### Exercise aim
A verbatim copy is needed of the lines below from the one containing "What Should I" up to and including the one containing "Dual Action Airbrush", excluding pictures.

### Exercise material

■ ■ ■ ■

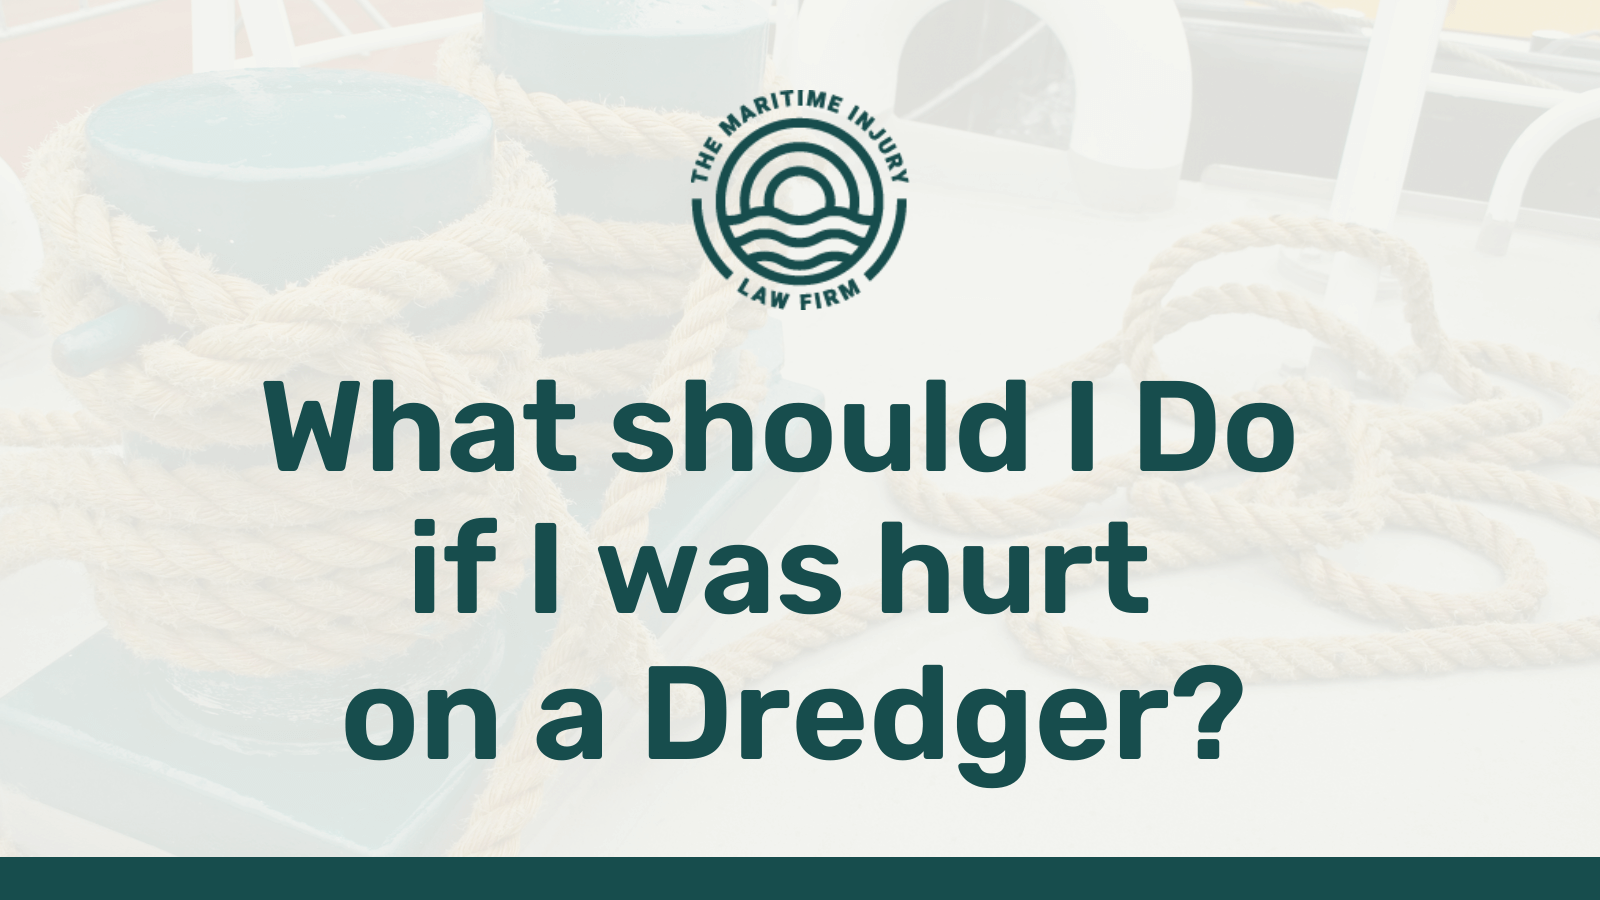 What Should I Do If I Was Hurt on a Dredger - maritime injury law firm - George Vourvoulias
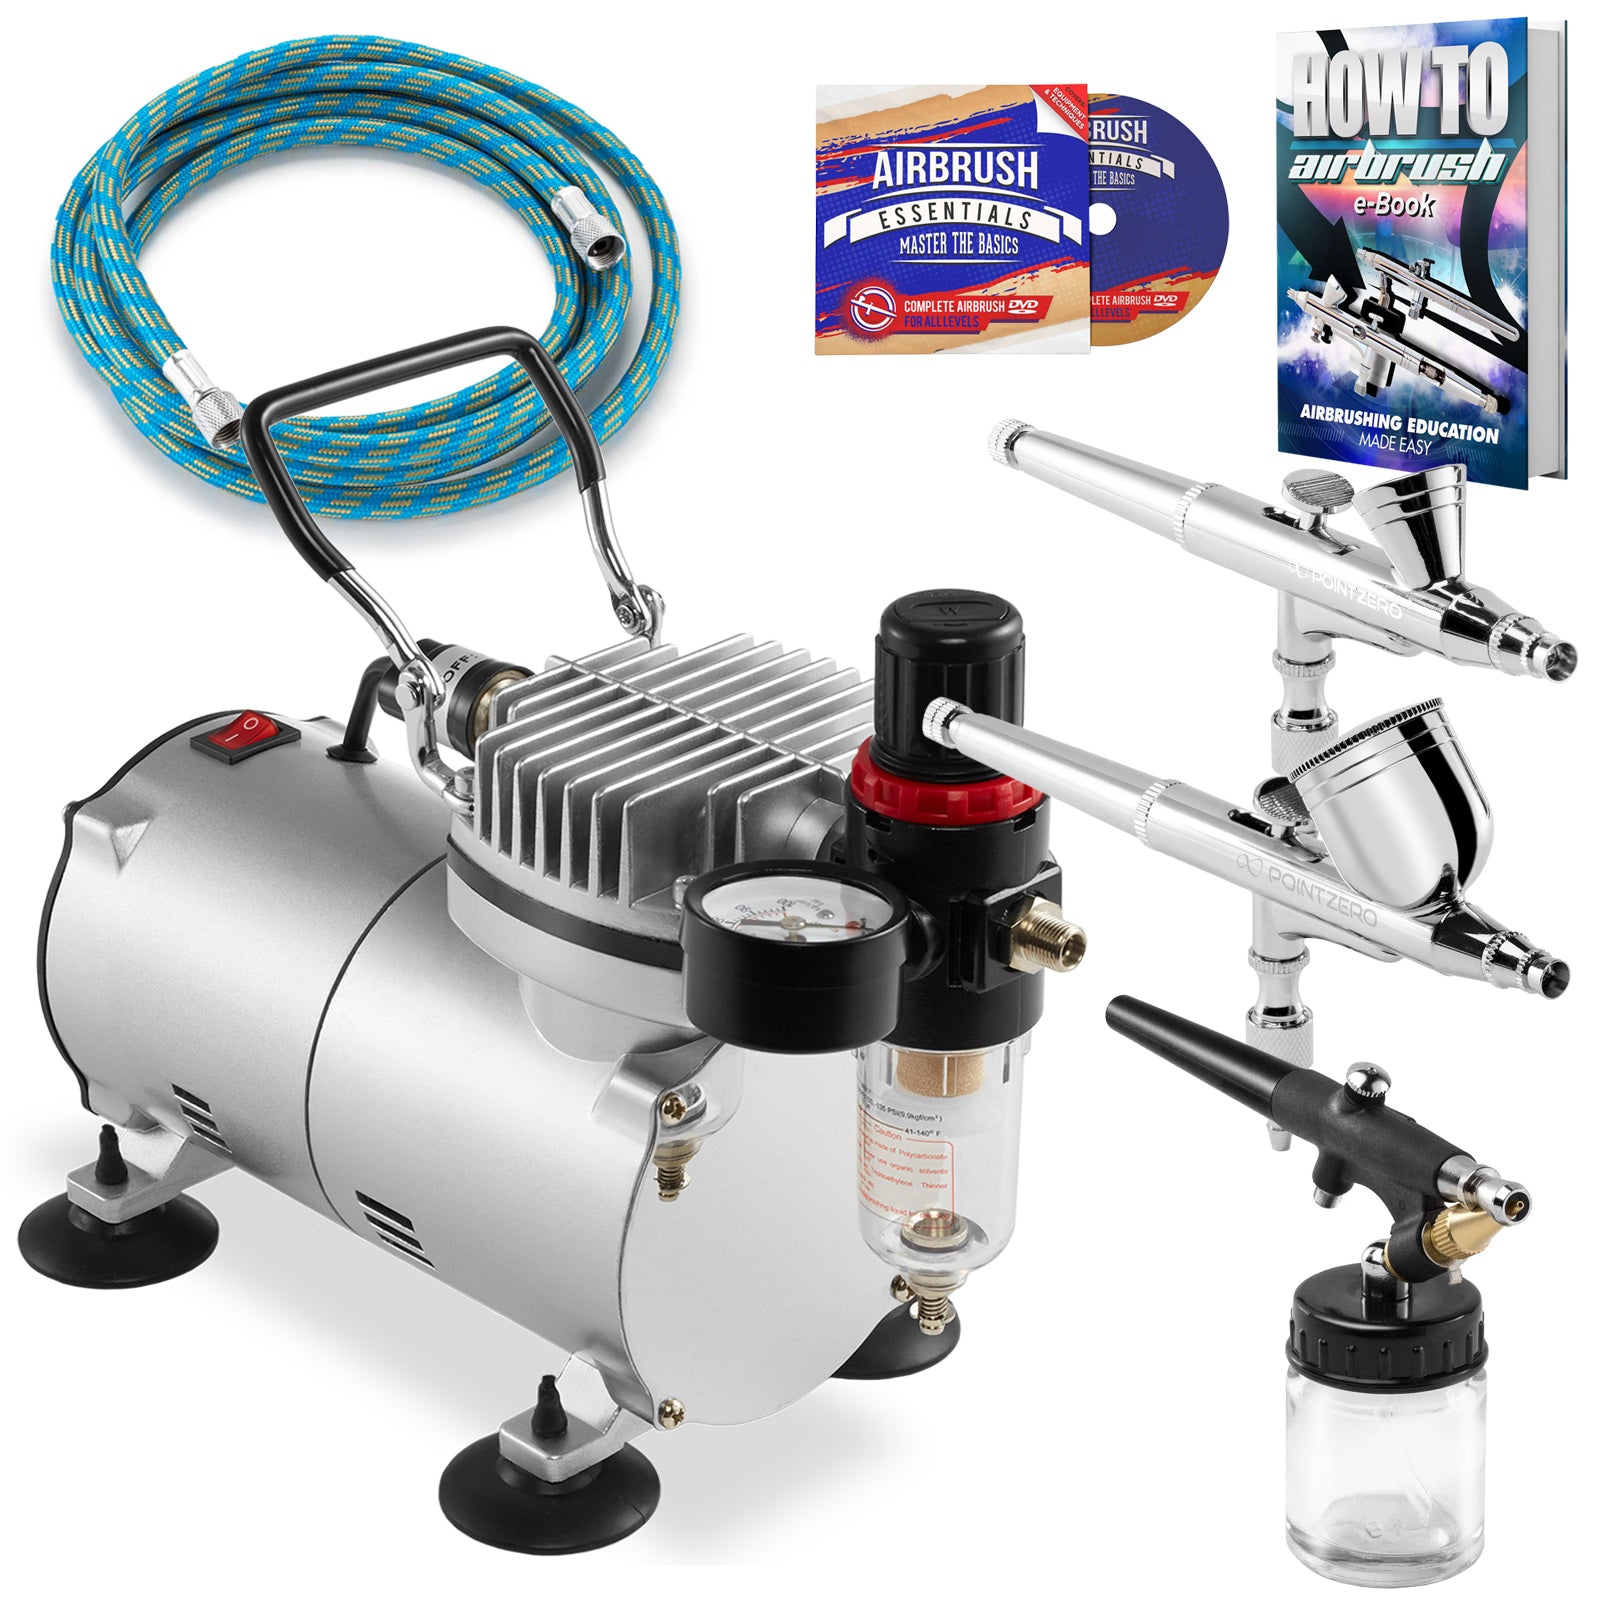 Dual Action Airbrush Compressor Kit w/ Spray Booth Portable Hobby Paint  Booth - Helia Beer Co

■ ■ ■ ■

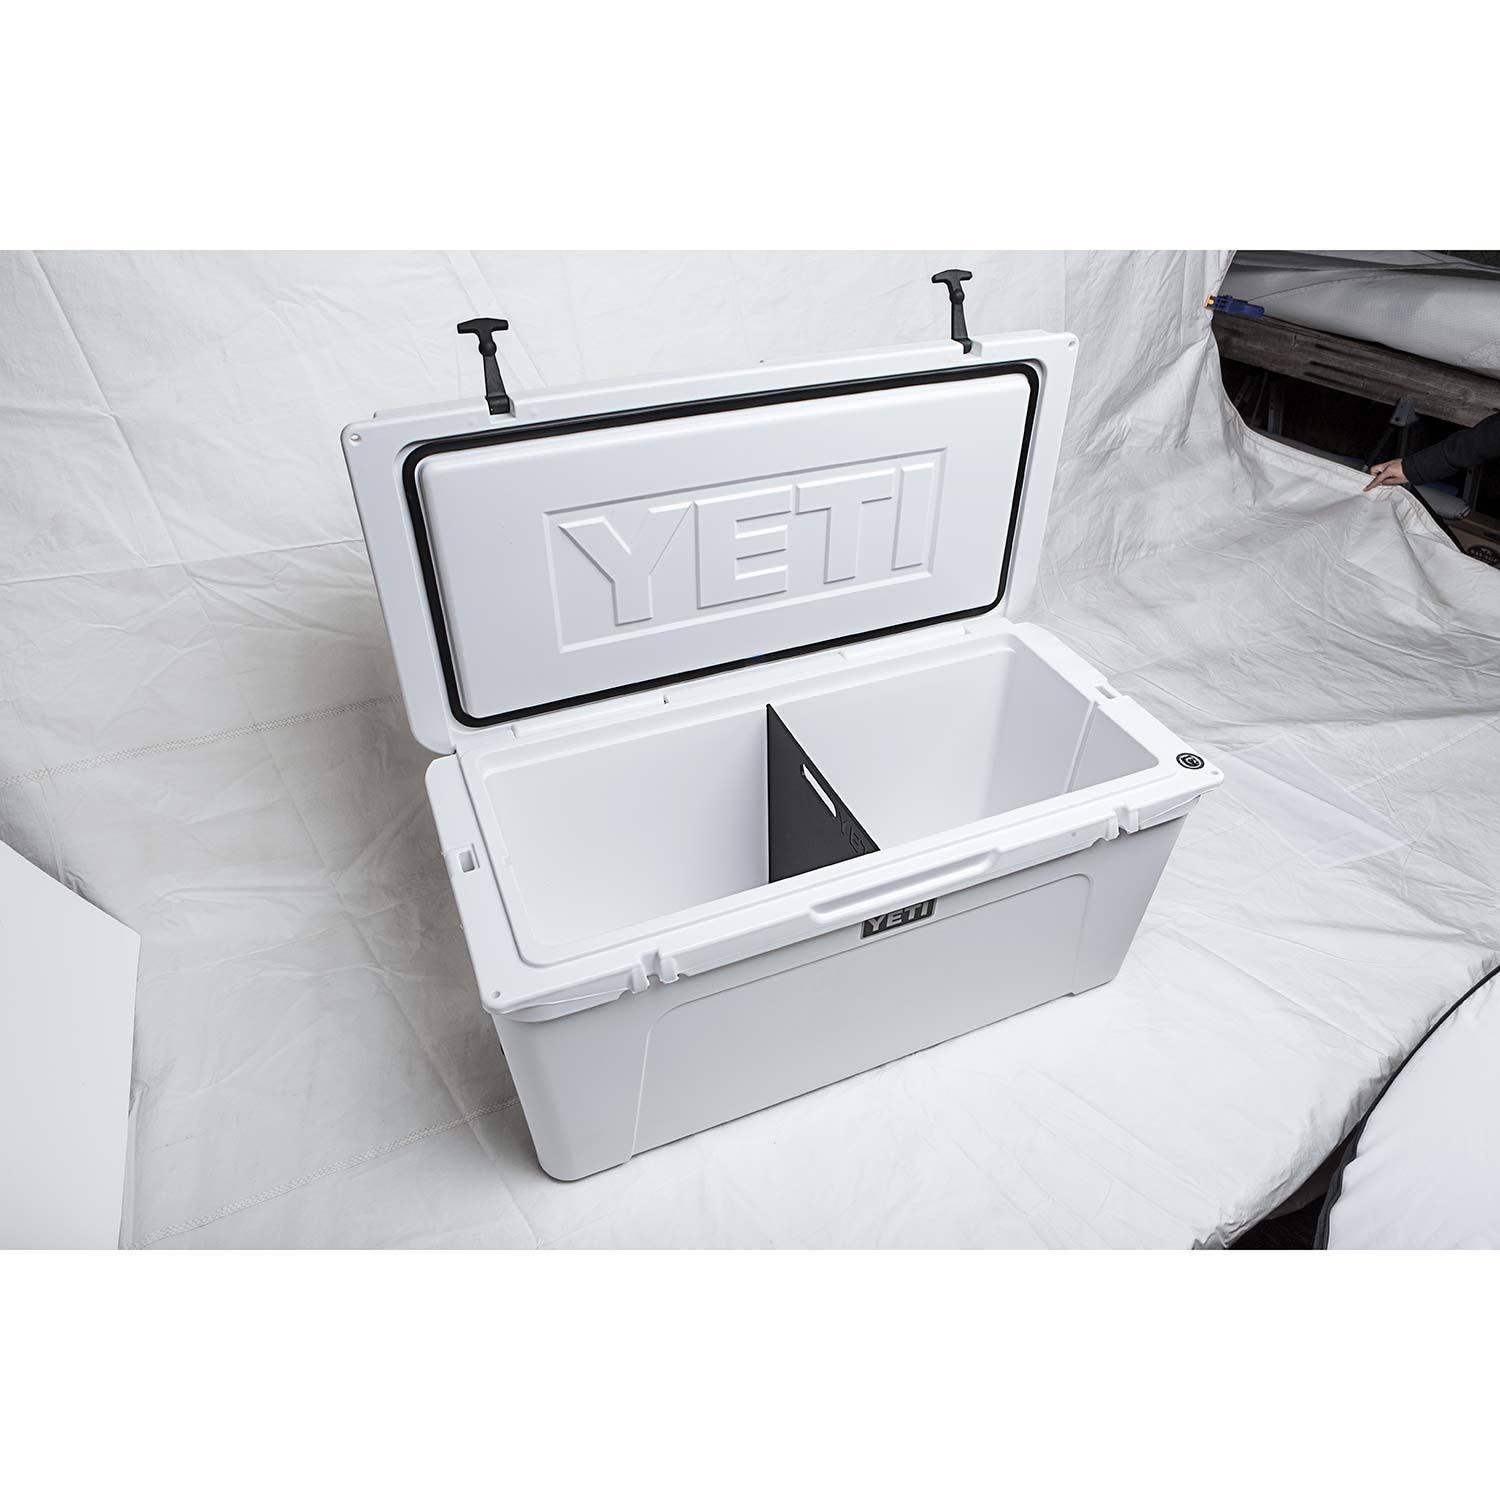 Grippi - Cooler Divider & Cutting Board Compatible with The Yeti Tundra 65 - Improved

■ ■ ■ ■

### Task response
 What Should I Do If I Was Hurt on a Dredger - maritime injury law firm - George Vourvoulias
 Dual Action Airbrush Compressor Kit w/ Spray Booth Portable Hobby Paint  Booth - Helia Beer Co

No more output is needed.